This is the web page for LIN655, Spring 2021.
Link to SBU Class Find system here. Note the descrption there is wrong (since this is a course number that is reused).
Tuesdays and Thursdays 11.30-12.50. BLDG: Frey Hall Room: 105. We will meet there in person, but remote participation possible from the beginning. Check with instructor.
All types of participation welcome: enrolled students, auditors, inofficial auditors, spontaneous auditors, occasional auditors.
Join this mailing list for updates about this course: https://groups.google.com/a/stonybrook.edu/g/linguistics_arabicnlp
Taught by: Owen Rambow, owen.rambow@stonybrook.edu
Arabic is a linguistically very interesting and challenging language. These are the aspects the course will concentrate on:
Arabic has a combination of affixival and templatic morphology (both types used for both inflectional and derivational morphology).
Arabic shows diglossia, meaning that there is a standard written language with no native speakers, and dialects which show wide variation (mainly geographic) and which have not been traditionally written. The standard written language is called Modern Standard Arabic (MSA).Of course, other aspects of Arabic will also be discussed.These aspects of Arabic are not unique to it. Languages with templatic morphology include the other Semitic languages (Hebrew, Amharic), and to some extent Germanic languages show similar patterns. Almost all languages have morphology more complex than English. Many languages show extensive dialectal variation and diglossia, such as Tamil or Swiss German. The situation of African American Vernacular English in the US can be analyzed as diglossic.
Because of the morphological and dialectal complexity mentioned in Section 1, Arabic is challenging for NLP, and techniques developed for English cannot be immediately used for Arabic. It thus represents a technical challenge for NLP.
Arabic is used (in some form) by 270 million people. The market for Arabic NLP is thus substantial.
There has been a rapid increase in NLP for languages other than English both in Academia and in the private sector, including the big technology companies (Google, Amazon, Facebook, Microsoft). It is important to test NLP techniques on multiple languages to understand their generality.
The goal of the course is not simply to appeal to people already working on Arabic NLP. The course is designed to appeal to several groups of people:
Anyone with an interest in computational linguistics and/or natural language processing, i.e., both linguistics and computer science students.
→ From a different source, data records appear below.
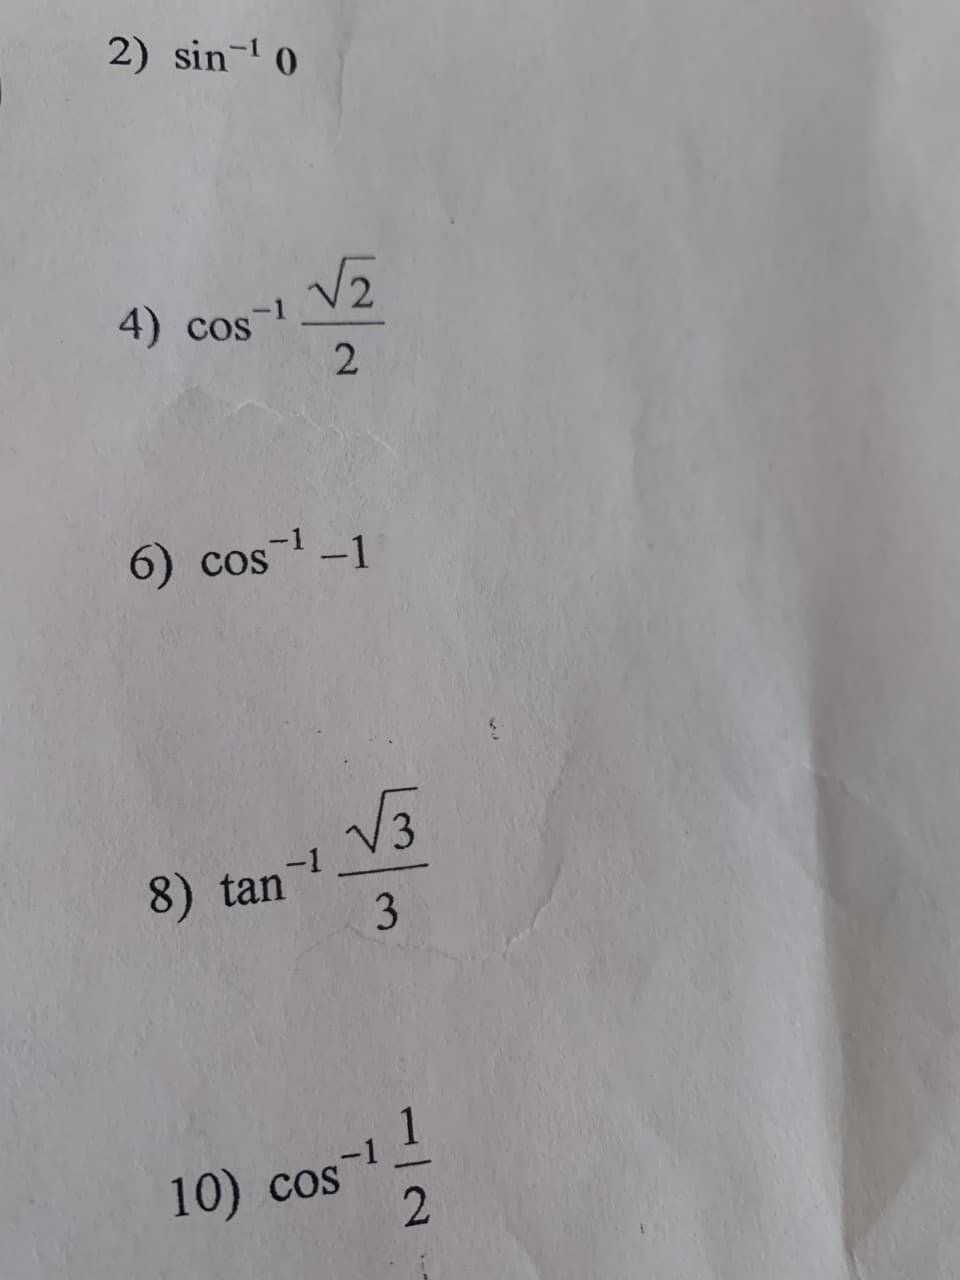 2) sin- 0
4) cos
6) cos
-1
V3
8) tan-
1
10) cos
-1

For students with an interest in Arabic linguistics (not specifically computational linguistics), the course will show how existing corpora and computational methods can be used to serve their (non- computational) research interests.
For students with an interest in natural language processing and/or computational linguistics, but who have not so far worked on Arabic, the course will explore how standard approaches can be used for a language which is quite challenging in many ways, and how techniques need to be extended or new techniques developed.
Advanced undergrads are welcome in addition to graduate students. See section on prerequisiNative speakers and learners of Arabic are of course welcome, but no knowledge of any Semitic language is required. The instructor does not speak Arabic himself.